Published on
October 28, 2025

US Joins Germany, Canada, UK, France, and More in Hammering Ireland Tourism in 2025 as Visitor Numbers Drop Significantly due to economic uncertainties, rising operational costs, and shifting travel preferences. While Ireland has long been a popular destination for tourists from key international markets, 2025 has seen a noticeable decline in visitors from the United States, Germany, the UK, France, and Canada. This drop in tourist numbers has put immense pressure on the country’s tourism sector, highlighting the challenges businesses face as they struggle to recover from a series of economic hurdles. From rising accommodation costs to changing travel habits, these factors have collectively dampened Ireland’s tourism industry, leaving many operators bracing for a tough year ahead.
Ireland’s tourism industry has long relied on key international markets such as the United States, Germany, the United Kingdom, and France. However, the latest figures for 2025 reveal a troubling trend for the Irish tourism sector as visitor numbers from several major markets have dropped significantly. The decline in tourism revenue is a result of multiple factors, including changing travel preferences, economic uncertainty, and the ongoing challenges posed by rising operational costs. As Ireland’s tourism businesses struggle to recover, they face a harsh reality: 2025 has been a year of stagnation, and the road to recovery is steeper than expected.
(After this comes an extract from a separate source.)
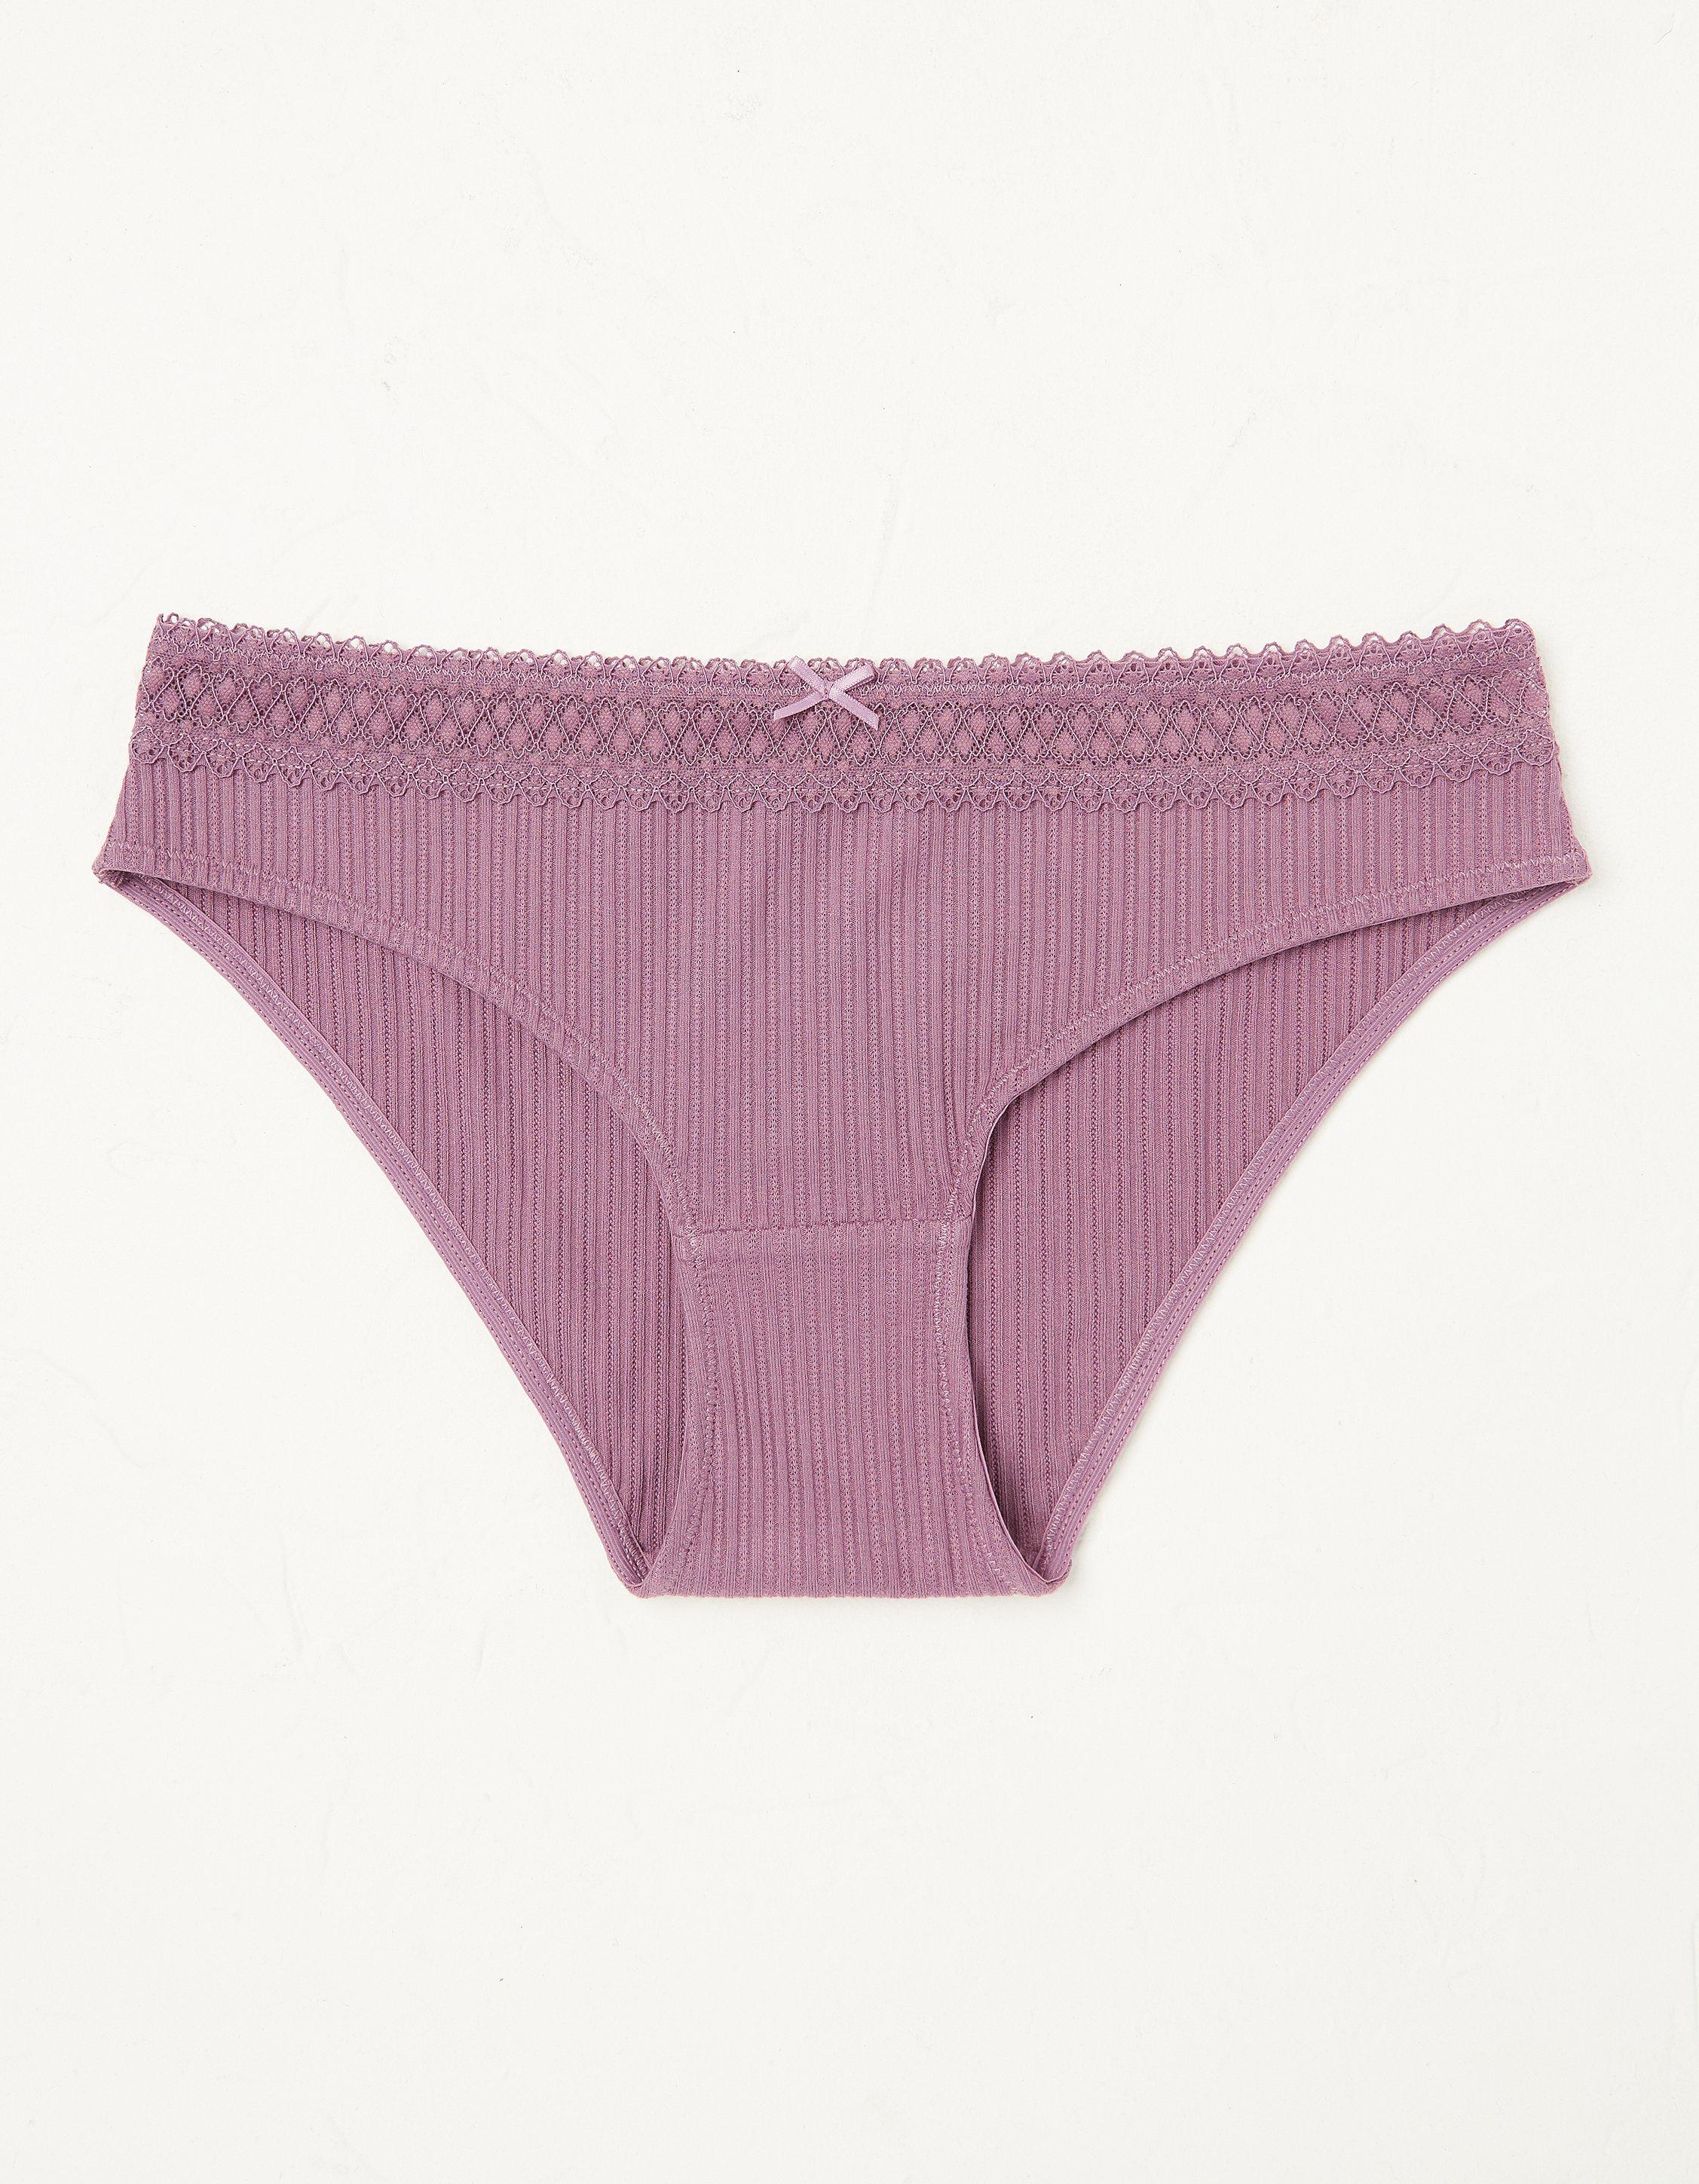 Mini-brief Lace - Women Underwear

The Decline in Visitor Numbers from Key Markets
The decline in tourism from the United States, Germany, the United Kingdom, France, and other international markets has left a noticeable mark on Ireland’s tourism performance in 2025. According to Fáilte Ireland’s most recent survey, 44% of tourism businesses reported a decrease in revenue from North American tourists, while 48% experienced a similar decline from British visitors. German tourist numbers also fell by a significant 44%, and French spending dropped by 55%. This sharp reduction in arrivals from traditionally strong markets has raised serious concerns about the future of Ireland’s tourism industry.
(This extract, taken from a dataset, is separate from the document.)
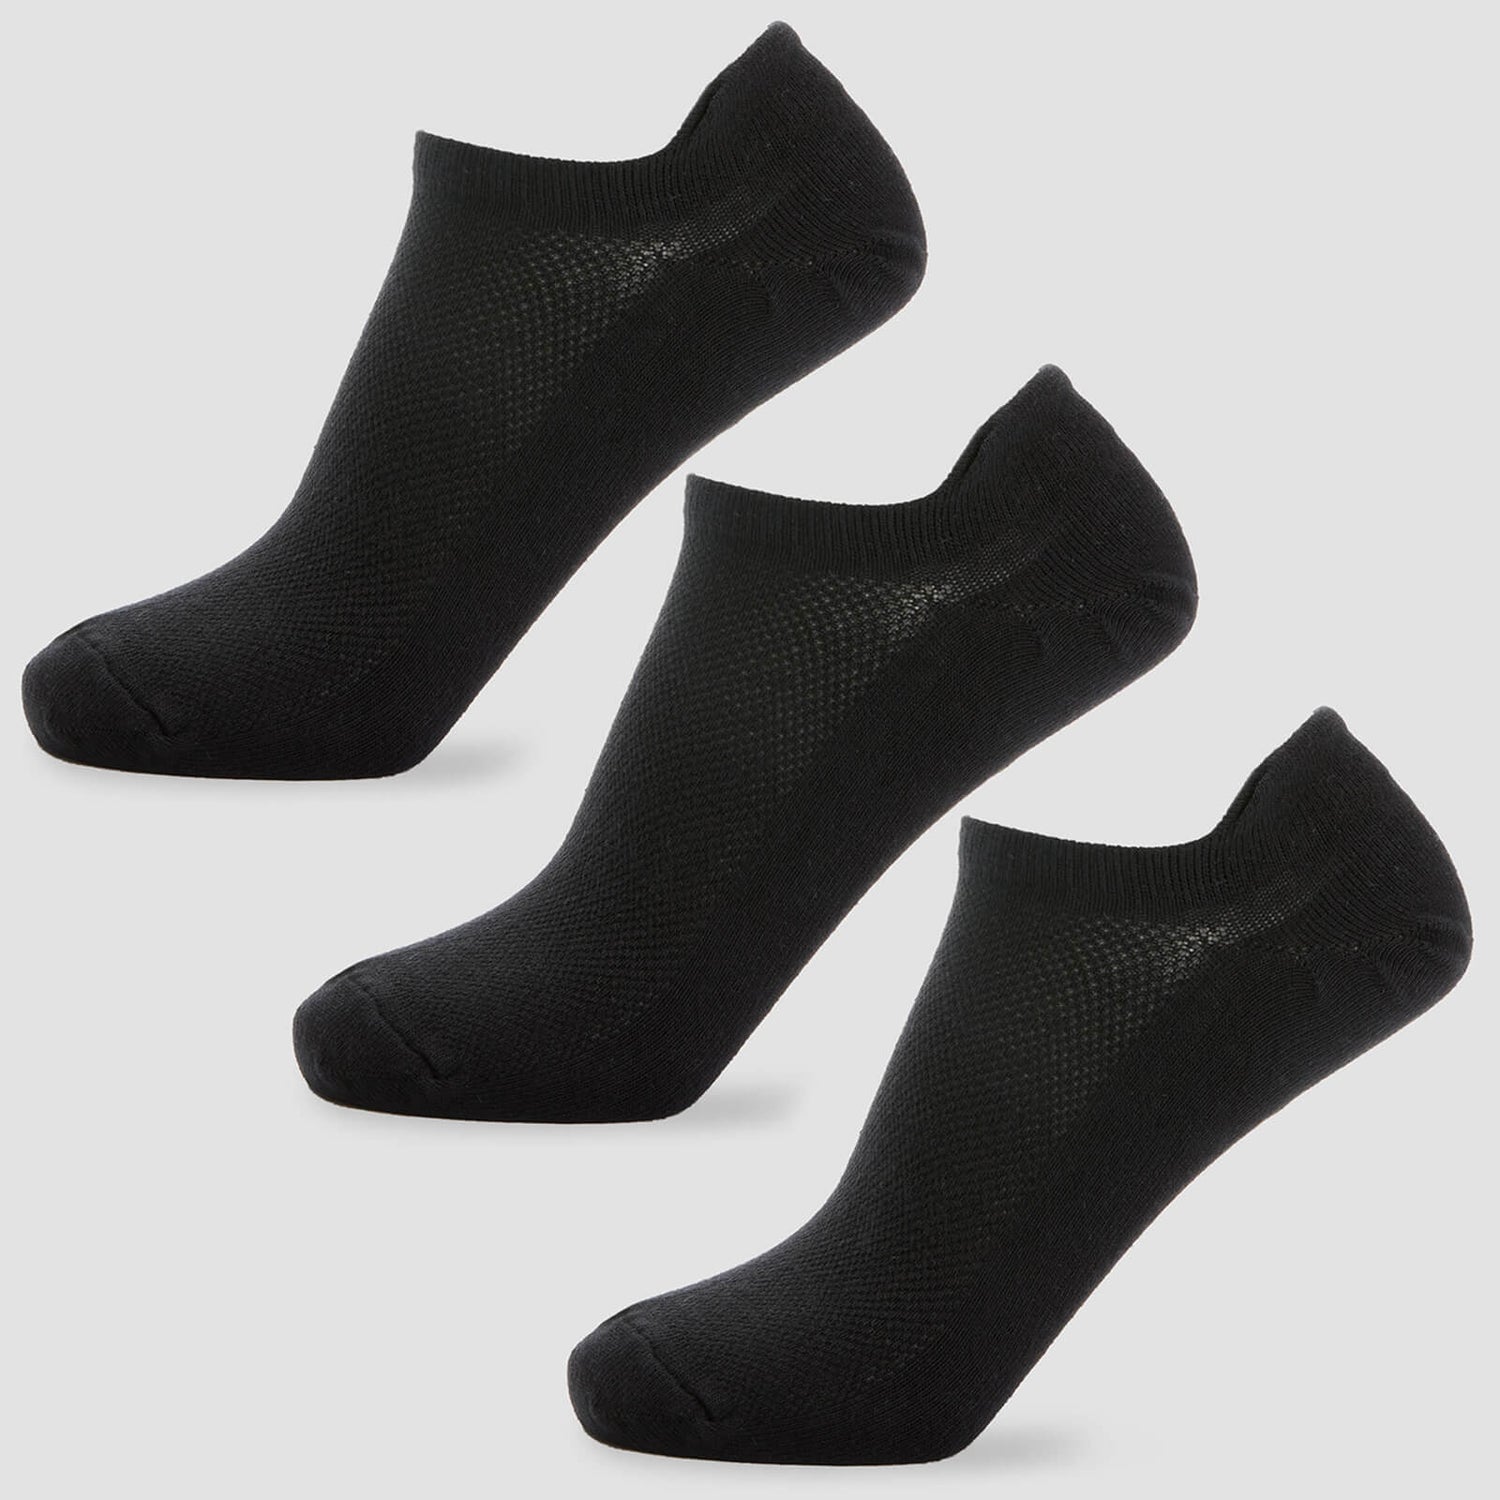 Miesten Ankle Socks - Musta - UK 6-8

United States: Stability Amid Challenges
The United States, which has traditionally been one of the largest sources of foreign visitors to Ireland, saw a slight decline in 2025. Although overall visitor numbers from the US decreased by 5% in comparison to 2024, the country still maintained a strong presence in Ireland’s tourism landscape. The decrease is attributed to economic uncertainty and shifting travel preferences, with some US tourists opting for destinations closer to home due to rising costs. However, the drop was not as steep as seen in other countries, reflecting a more resilient tourism trend from the North American market.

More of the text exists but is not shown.